I don't have many corals, but would like to get rid of these things to save the few I do have (a couple mushrooms, really). Not only that, they're spreading fast and they're... well, ugly.
So far, most of the non-chemical treatments I've seen have been a particular nudibranch, a copper-band butterfly, and the peppermint shrimp. The problem is that I have a Toby puffer (hawaiian blue-spotted) and a spiny puffer (small). I have tried introducing a Peppermint shrimp into the tank about a month ago just because I'd like to have one, and the results were... well, he didn't hit the bottom of the tank.

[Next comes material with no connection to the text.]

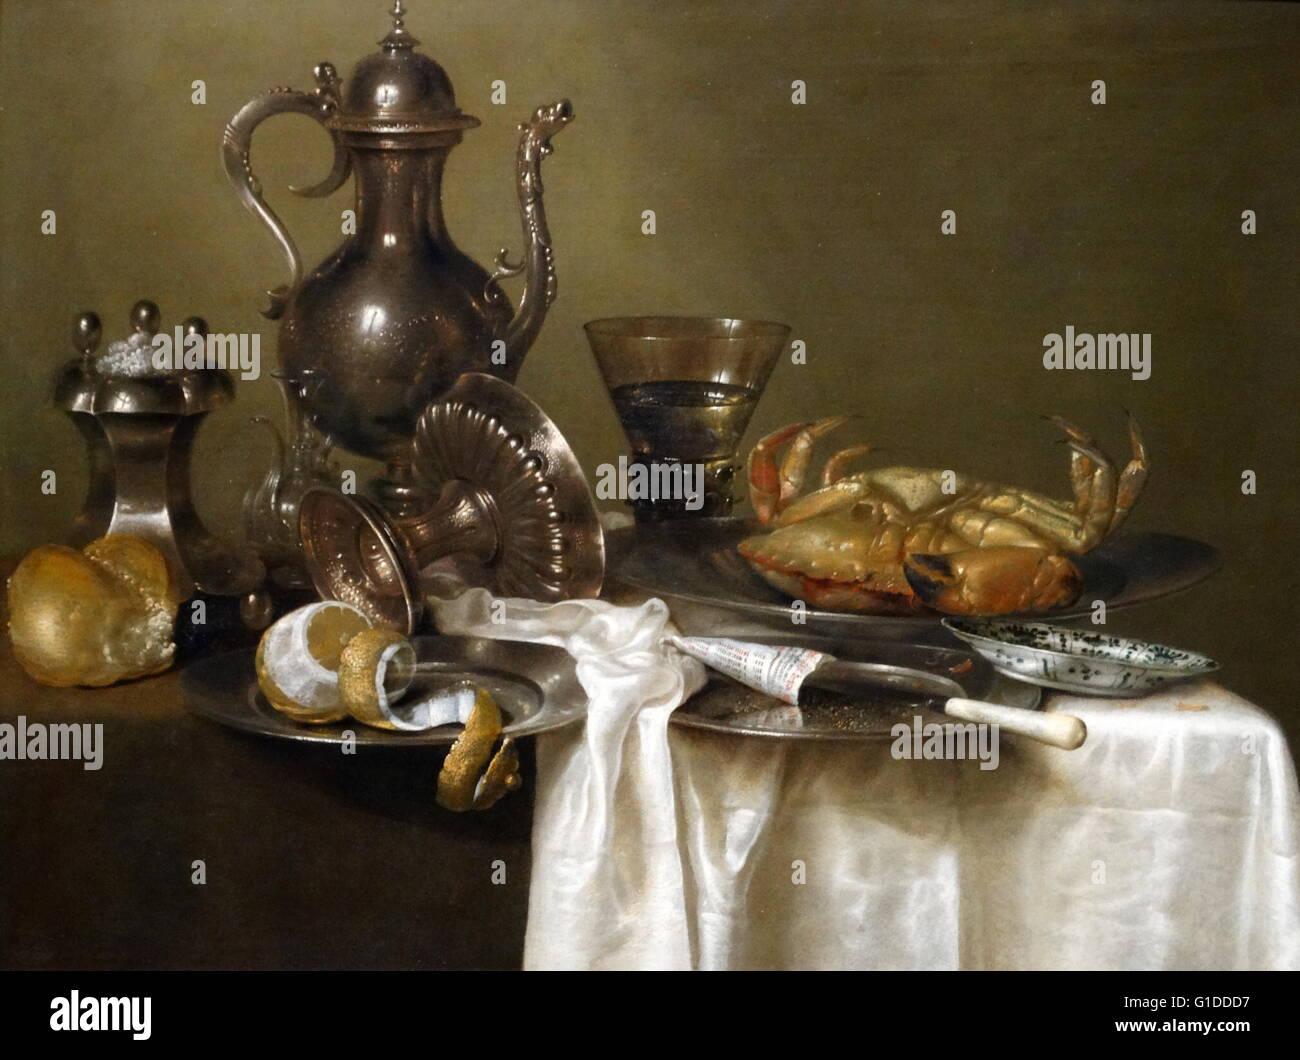 """La peinture intitulée """"La vie: d'étain et d'Ustensiles d'argent et d'un crabe' Photo Stock"""

I can assume the same will come of the nudibranch.
I've read a couple places that say hermit crabs will attack them, but I've got plenty of those (about two dozen) and they've obviously been lazy. My toby doesn't bother them either. As for the butterfly fish, I think my tank is way too small for that -- it's a 34g (it's too small for the spiny puffer, too, but he'll be moved shortly).
I'd still like to avoid chemical treatment if possible but I'm having to move around corals now just so that they aren't "attacked". Need to do something relatively fast I think. Don't really want to cook the rock, because that'll kill everything on it... and this stuff is expensive!
Would it be okay to, say, get a butterfly fish, let it do its thing, and then get rid of it (sell back to LFS, give to someone else, etc)? We've got a 75g at work I can transport it to, but it's not the best maintained tank, so if they aren't hardy fish it would be a bad option.
 

saltfan

Active Member
Boil some water, go get a syringe and fill it with the boiling water, shoot it at the aptasia, they gone. I've done this personally so I know it works.